The Federal Catalyst and the Brockton Connection
The political momentum for a town-wide sewer system didn’t happen in a vacuum. It was forced by the passage of the federal Clean Water Act of 1972, which stripped municipalities of their discretion regarding wastewater treatment and mandated stringent new standards. For a small town like Whitman, building a standalone treatment plant was completely beyond its borrowing capacity.
The town was desperate. Early attempts to build a system stalled when Whitman couldn’t secure federal approval for regional partnerships with neighboring towns like East Bridgewater and Abington. The delays became so severe that the federal government actually sued Whitman for failing to follow through on its septic plans.

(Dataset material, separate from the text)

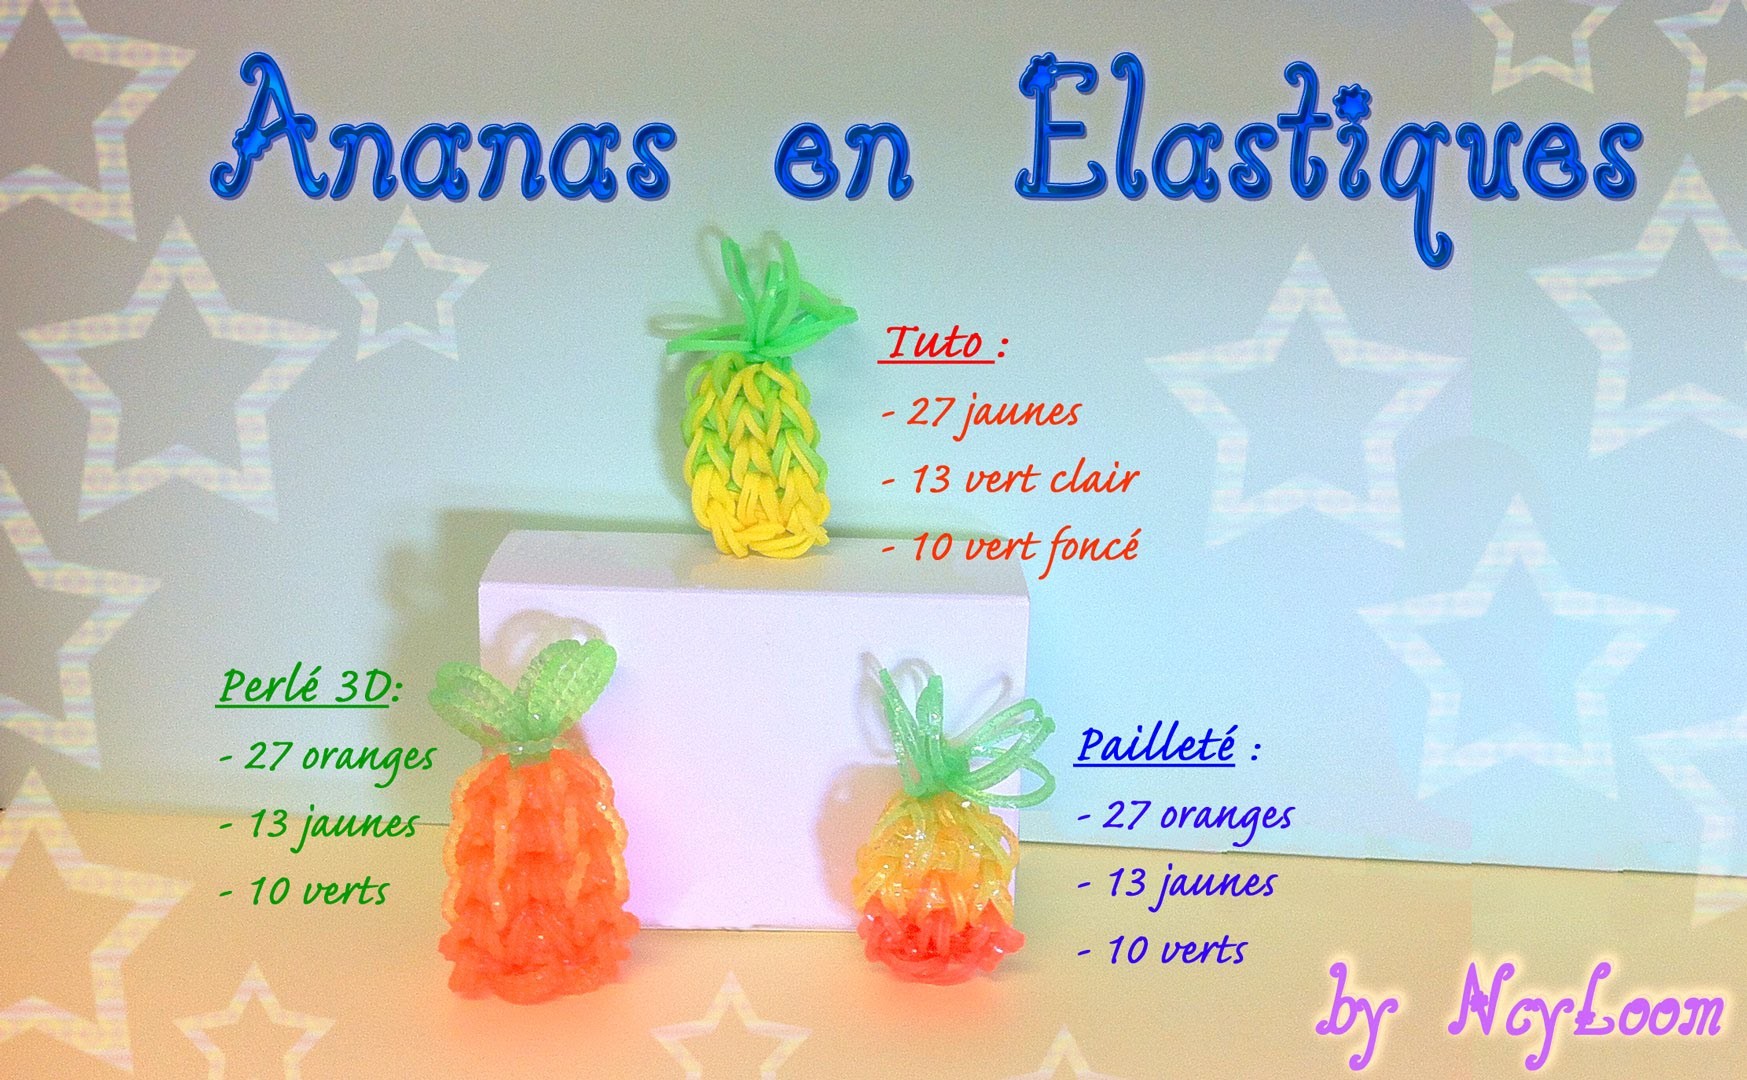 TUTO Ananas en élastiques Rainbow Loom Français

Hayes, then a young Selectman, traveled to federal court to testify on the town’s behalf. “Look, we’re happy to do it if you would allow us to do it, but we can’t do it unless you approve it,” he argued, successfully getting the case dismissed.
Salvation came from next door. The neighboring City of Brockton had just received a massive $55 million grant to construct an advanced tertiary treatment plant. Leveraging his political influence, Hayes helped negotiate a landmark 1983 Inter-Municipal Agreement (IMA) with Brockton, securing 1 million gallons of daily capacity for Whitman. Whitman would essentially become a “wholesale” customer of Brockton’s treatment services, bypassing the need to ever build or permit its own plant.
The 1984 Mega-Project
What makes Whitman’s sewer story unique is the sheer audacity of its construction phase. Unlike most Massachusetts towns that suffered through decades of politically fraught, neighborhood-by-neighborhood sewer expansion battles, Whitman built its system as a single, large-scale project.
Designed by Camp Dresser & McKee Inc., the massive undertaking was executed under three simultaneous contracts in 1984. Contract No. 1 established the system’s heartbeat: the Auburn Street Pump Station and the South Avenue Pump Station. Contracts No. 2 and No. 3 tackled the most difficult engineering feat: laying three miles (approximately 16,000 linear feet) of 20-inch, cement-lined ductile iron force main to connect Whitman to Brockton.
The route was treacherous. The pipe traversed Auburn Street, plunged into cross-country easements, crossed streams and wetlands, and pushed through both a junkyard and a capped landfill before terminating at Southfield Drive in Brockton.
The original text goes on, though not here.